Re: Git migration docs
- From: Kristian Høgsberg <krh redhat com>
- To: Murray Cumming <murrayc murrayc com>
- Cc: Gnome-infrastructure gnome org
- Subject: Re: Git migration docs
- Date: Tue, 13 Jan 2009 14:38:47 -0500
On Tue, 2009-01-13 at 19:52 +0100, Murray Cumming wrote:
> On Tue, 2009-01-13 at 09:36 -0500, Kristian Høgsberg wrote:
> > On Tue, 2009-01-13 at 00:22 +0100, Santi Béjar wrote:
> > > * ChangeLog: This is one of the most useful files for a developer to
> > > keep up to date - it lists all the changes that a given project has
> > > undergone. In GNOME it is generally of the following form:
> > > {{{
> > > YYYY-MM-DD Joe Bloggs <joe bloggs gnome org>
> > >
> > > * filename.c: Use gtk_dialog instead of deprecated gnome-dialog.
> > > Fixes #878372.
> > > }}}
> >
> > ChangeLog was useful back when with CVS there was no way to see what
> > changed in a project and what files was involved with a specific commit.
> > With git this is a lot less useful as git tracks the changes as atomic
> > commits and you can easily browse the history using git log, cgit,
> > giggle, gitk or many other tools. In fact, when branching and merging,
> > the ChangeLog gets in the way and always causes merge conflicts.
> >
> > Historically, the commit message has been of little use and all the
> > attention has gone to the ChangeLog entry and it's an integral part of
> > many peoples workflow. We just need to apply the same discipline and
> > attention to writing a good commit message instead.
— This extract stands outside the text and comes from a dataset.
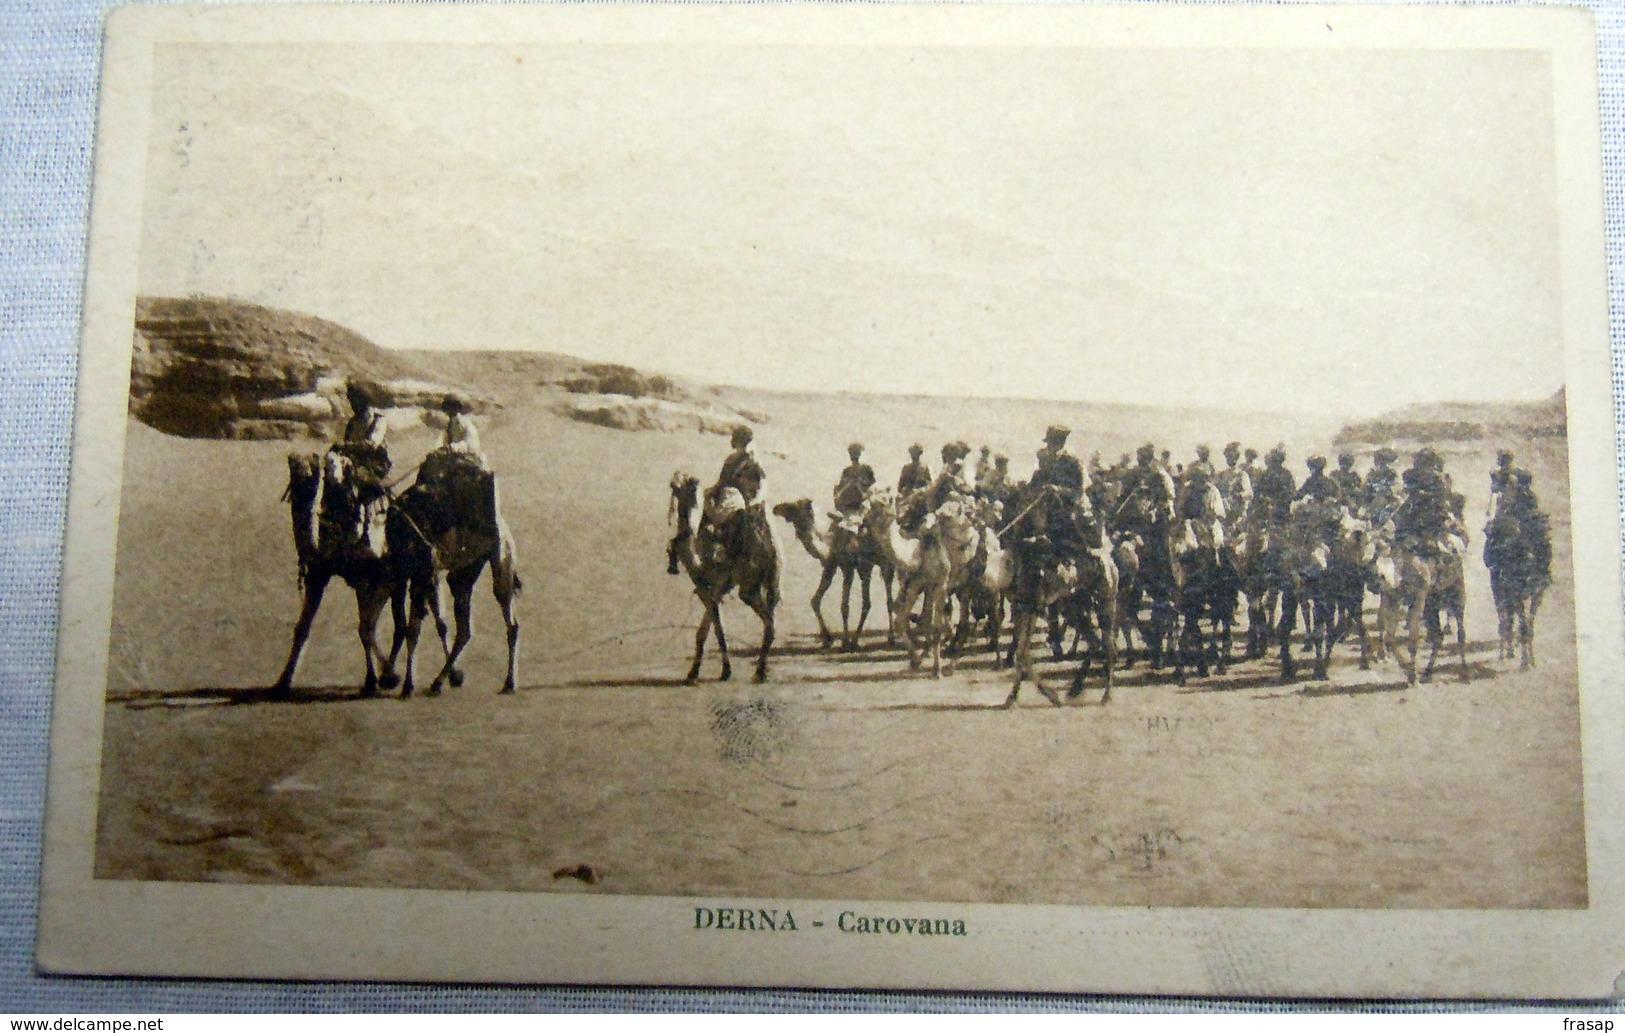 CPA-KP-PC- LIBIA  - COLONIA ITALIANA --  ASCARI DERNA CAROVANA MILITARI - Libia

And part of the
> > GNOME migration process should probably be coming up with a make dist
> > hook that GNOME modules can add to dump the git log into a ChangeLog
> > file when making tarballs.
>
> People who discard ChangeLogs in favour of commit messages all end up
> writing bad commit messages, just because of the changed routine. There
> are no good real-world examples, even for projects that generate a
> ChangeLog in tarballs. They generally don't describe what changed,
> where, how, or why. Seeing the actual code changes without explanation
> isn't the same, just as code without comments is less useful. It's lazy
> and it's selfish, keeping other developers from working on your code.
>
> It also leads to less code review because people write the message when
> committing, instead of before. With a ChangeLog, people make corrections
> as they go through the diff, looking at each thing they have to comment
> in the ChangeLog. It also makes it very difficult to correct a
> ChangeLog/commit message later.
I don't see many references or much reasoning here, just assertions.
How is it not possible for a disciplined developer, who's trained to
commit small, self contained changes and document them in a ChangeLog to
apply that same discipline to writing a good commit message instead?
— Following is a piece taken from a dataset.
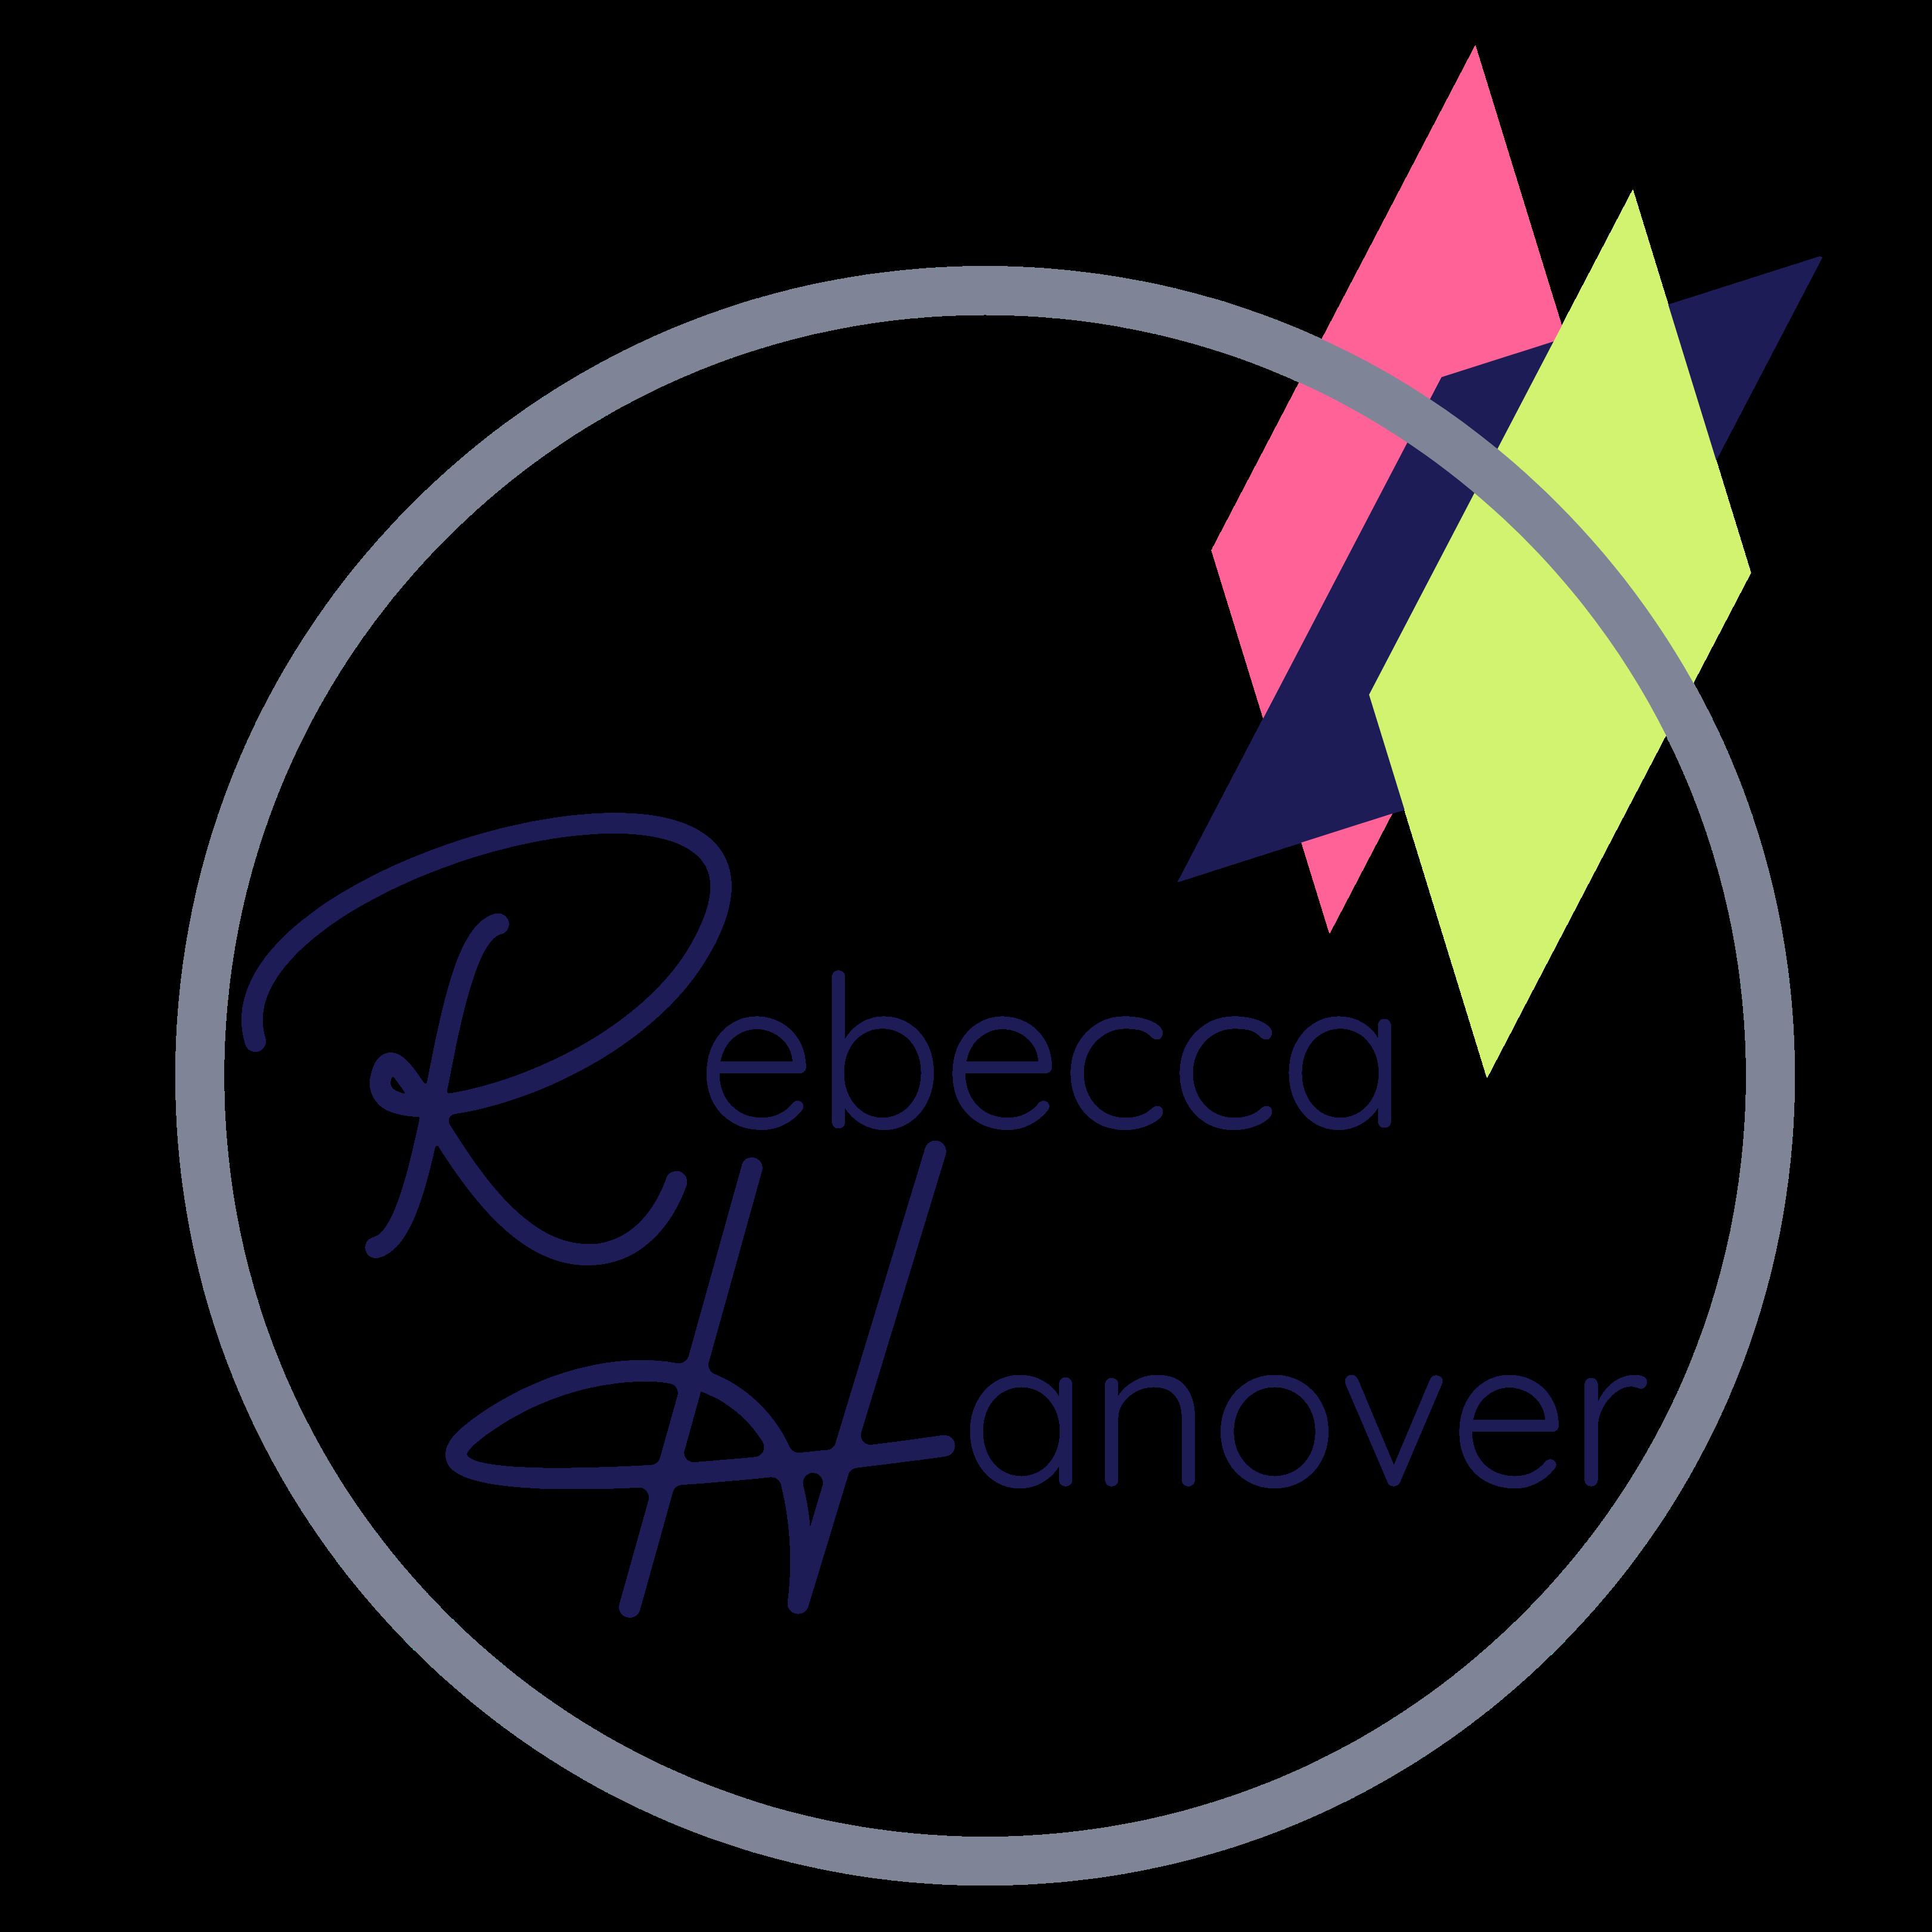 Rebecca Hanover

Look to the kernel, cairo, the X.org modules for examples of projects
that successfully use the VCS commit messages and no ChangeLog. I don't
think it's justified or necessary to call the people who work on these
projects lazy and selfish.
I can see where you're coming from; traditionally the tools (CVS and
SVN, even though it does have atomic commits) haven't given you much
incentive to write a good commit message and the ChangeLog has been the
best and fastest way to read up on what has happened recently or years
ago in a project. With git, however, there's a huge return on letting
the tool associate a meaningful description of the change with the
committed data: tools can visualize the log of changes for web, local
tools or email, you can search the log for a specific string or bug
number and once found, jump straight to the commit in question and
cherry pick or revert it.
But fundamentally, I just don't understand the claim that a developer
that has the discipline to write good ChangeLog entries suddenly fall
apart and starts doing git commit -a -m "uh, changed stuff". I know
that there are many projects out there that don't use ChangeLog and have
terrible commit messages, but that doesn't imply that not using a
ChangeLog sucks all discipline out of your developers. It's all about
habits and work flows, there's nothing inherently magic in a ChangeLog.
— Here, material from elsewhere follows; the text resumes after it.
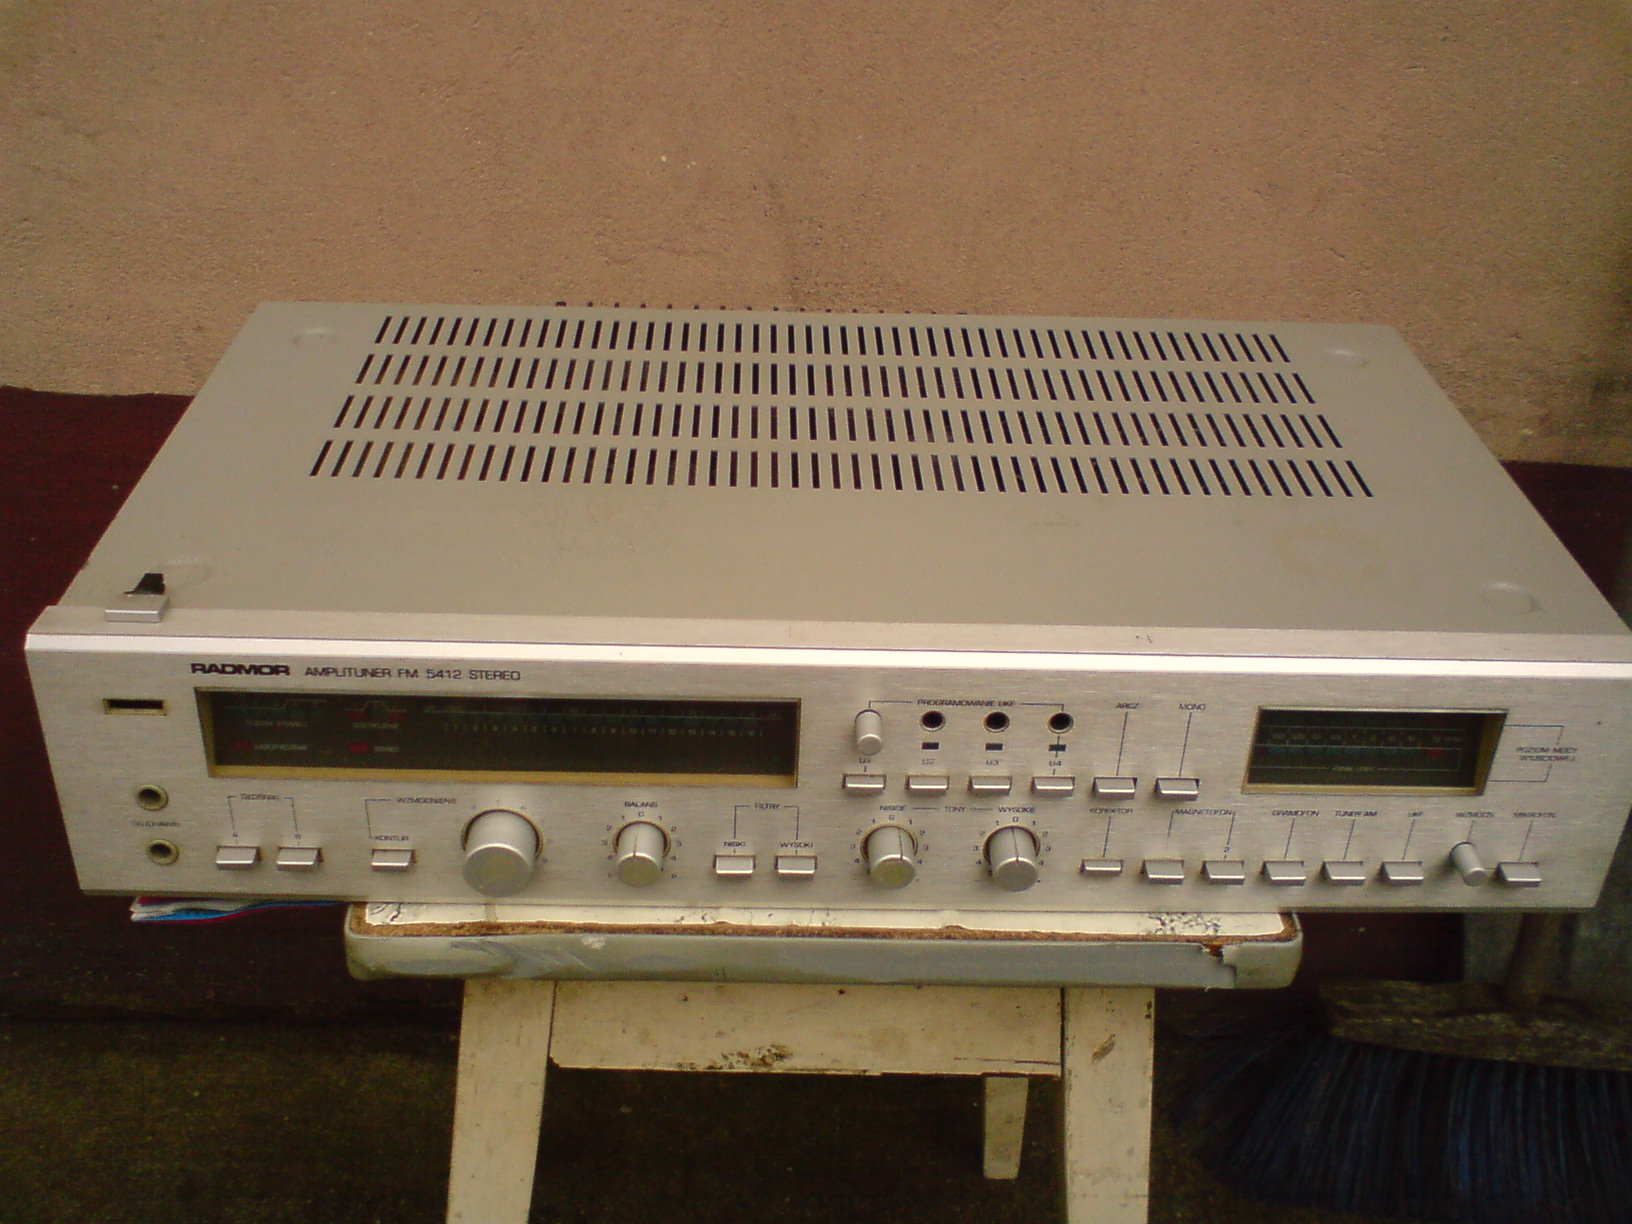 [Zamieni�] Amplituner Radmor 5412 na korektor

> The changelog vs. no-changelog argument has very little to do with the
> svn v. git argument. Please have that argument separately if you must.
Sure; there is some overlap in that git and the associated tools make it
easier to browse the log and inspect the changes for a given commit, and
also that git makes branching and merging much easier and useful, in
which case the ChangeLog becomes a common source of merge conflicts.
But it's certainly not an argument that needs to be resolved before we
can switch, and we're also not trying to add it as a rider to the DVCS
migration. And maybe it's not something that needs to be consistent
across all modules in GNOME, in which case the point is moot.